We’re excited for the state and it makes us even prouder of our ARRA-funded MIRC project. We feel like the old timers with five months under our belt. Our 11 demonstration communities spent the summer working on their strategies to improve broadband adoption locally. They have unveiled RFPs locally asking folks to submit projects for their consideration. The RDCs have been helping to spread the word beyond the demonstration community borders.
Our project partners have been honing their offerings to meet the needs of the communities. Some folks, such as the University of Minnesota Extension, have hired staff members to manage the program. Other programs, such as PCs for People, have been busy putting computers in the communities and picking up discarded computers to refurbish. We’re in a groove and we’re happy to share our story.
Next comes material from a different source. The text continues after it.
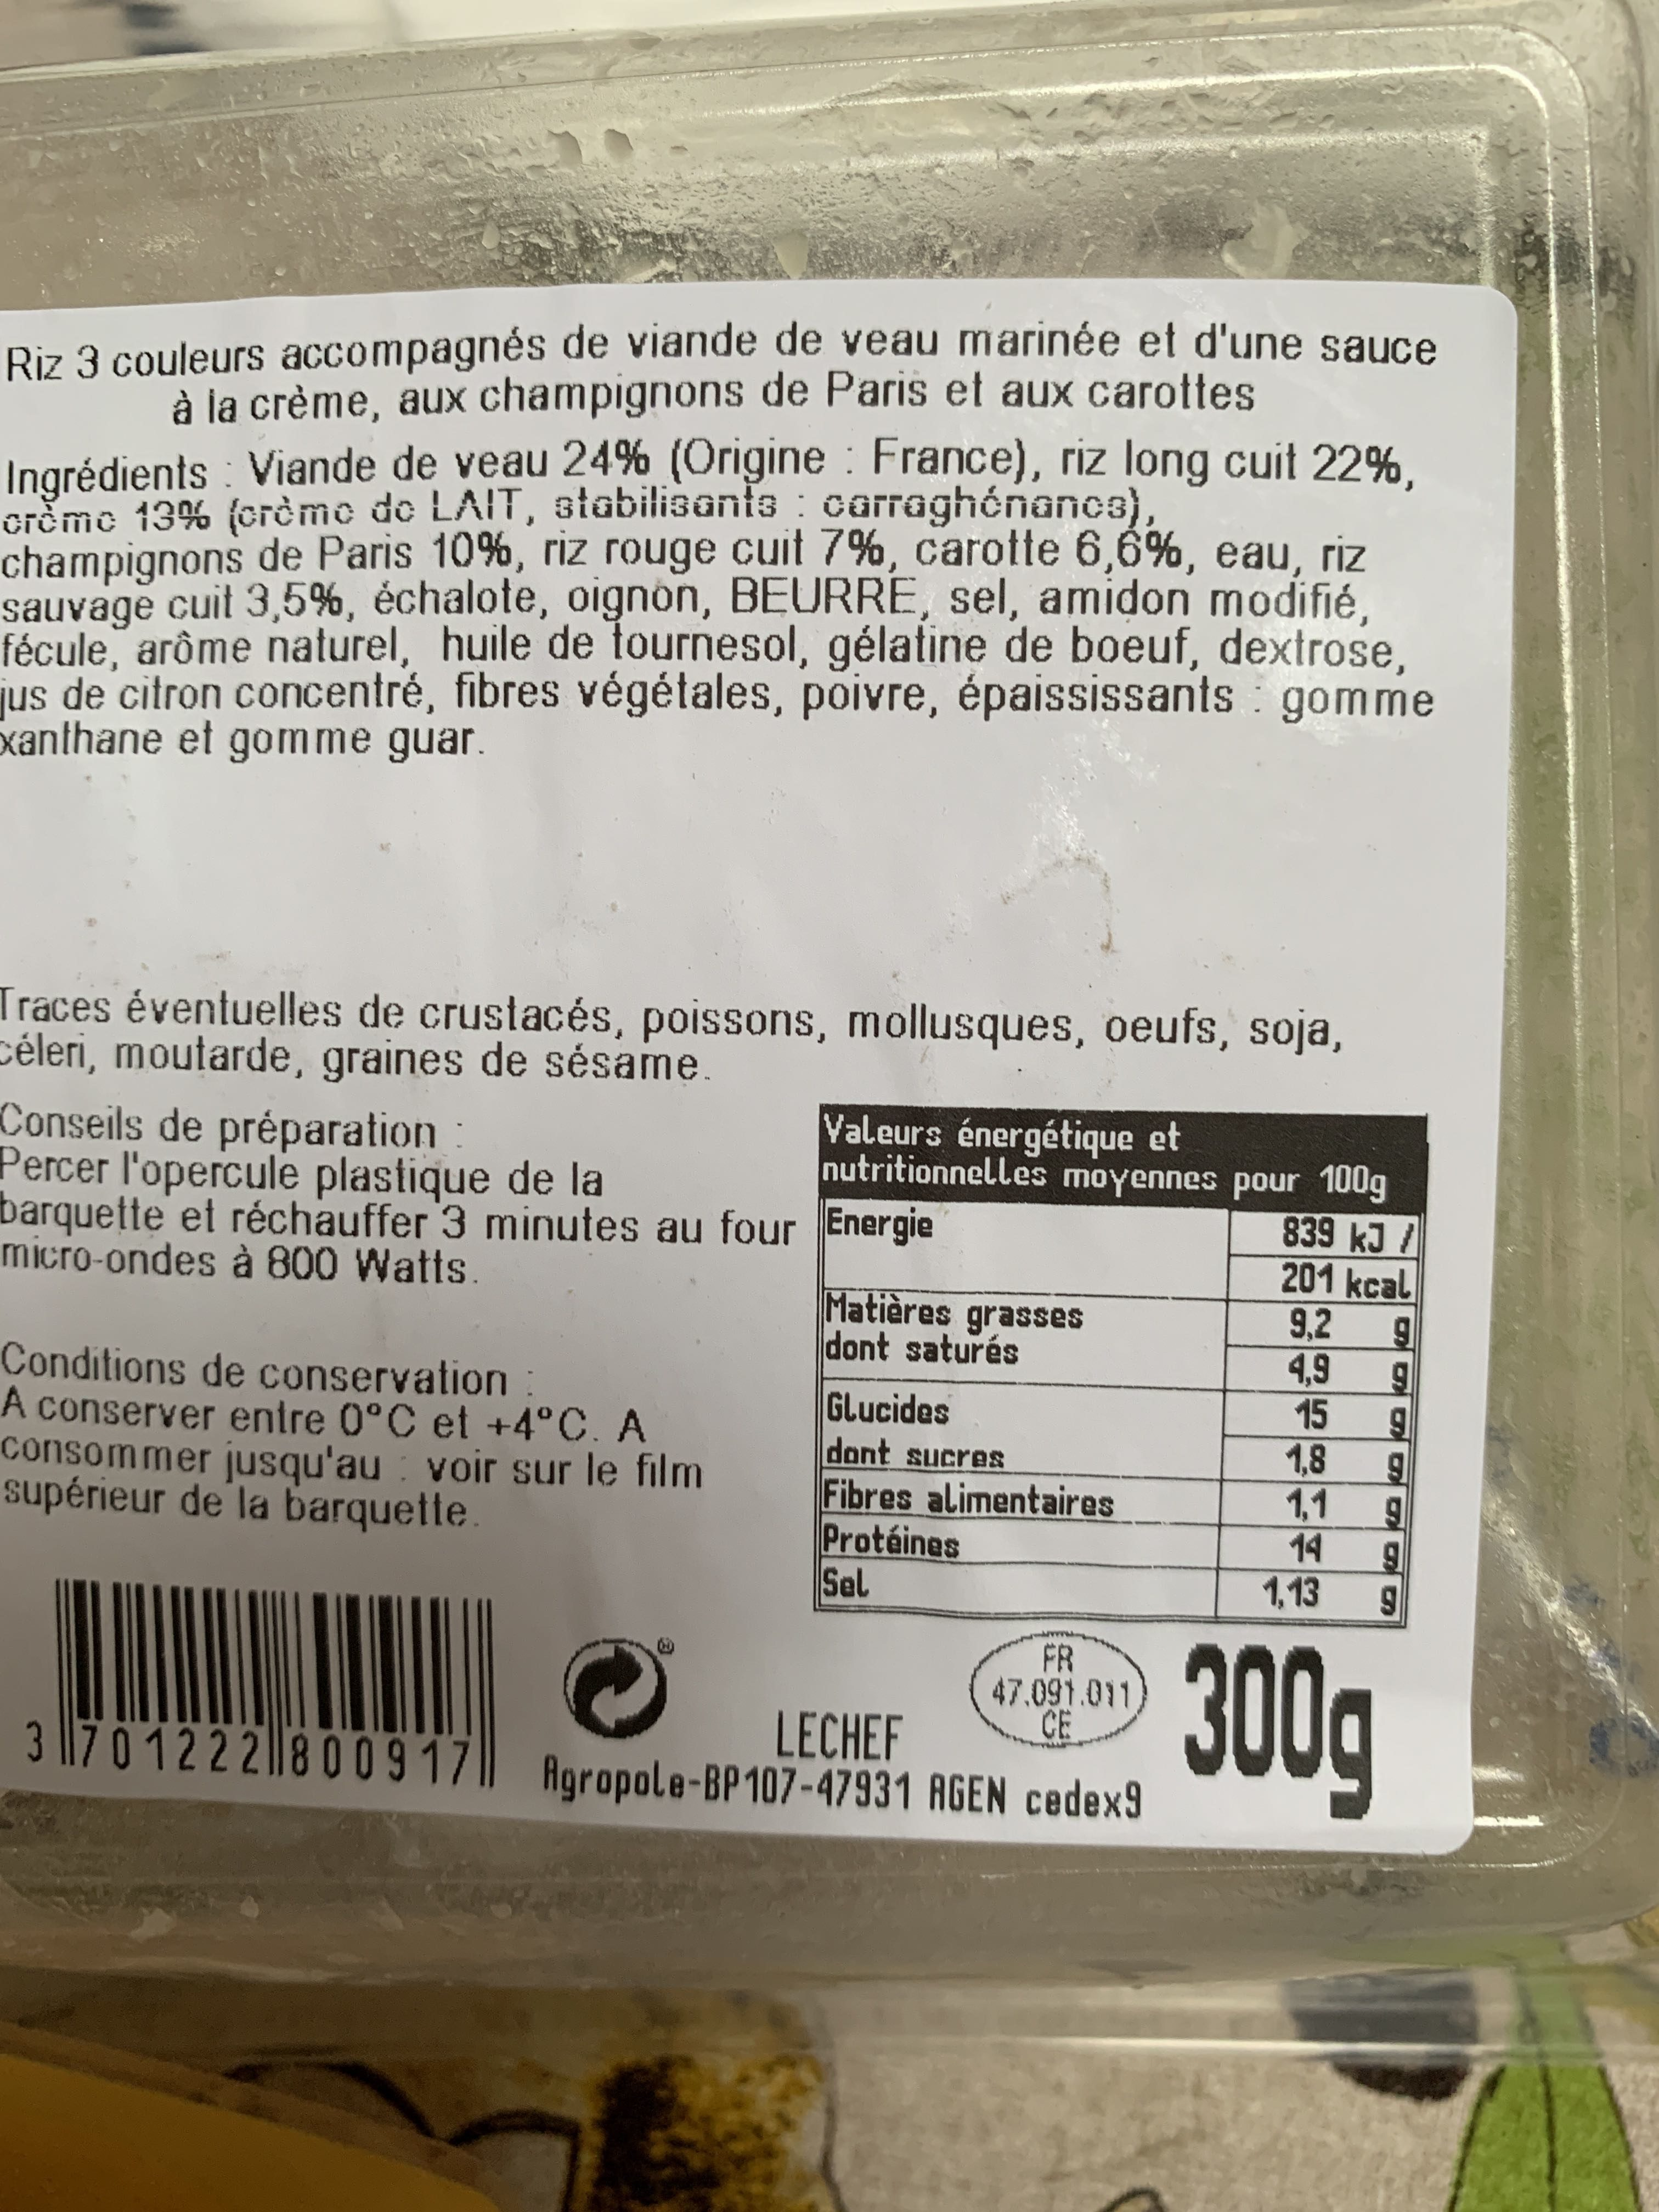 Blanquette de veau riz 3 couleurs - Product - fr

I was pleased to co-present with Bill Coleman and LaDonna Boyd about the Intelligent Community Forum at the annual development conference at DEED. The Intelligent Community Forum provides the underpinnings for our Minnesota Intelligent Rural Communities project. You can learn more from our presentation below.
The idea is for communities to build upon a base of solid broadband infrastructure, to pursue the creation, attraction and support of knowledge workers; spur innovation; and address digital inclusion. Communities create their marketing/advocacy story based on these assets.
We’re going to look further into the Intelligent Community Forum with Robert Bell and others October 13-14 at the 2010 Blandin Broadband Conference: Cultivating the Culture of Use.
We will hear from experts, researchers, students and folks in the field who are creating programs to help boost broadband use in their communities. We will also have time and space for attendees to ask questions and tell their stories, and follow up on the work of the Minnesota Ultra High-Speed Broadband Taskforce to answer the question, “Where are we now – one year later?”
The conference is open to everyone. We’re hoping to get a great variety of voices to help paint that picture of where we are – and maybe to start talking about where we will be next year.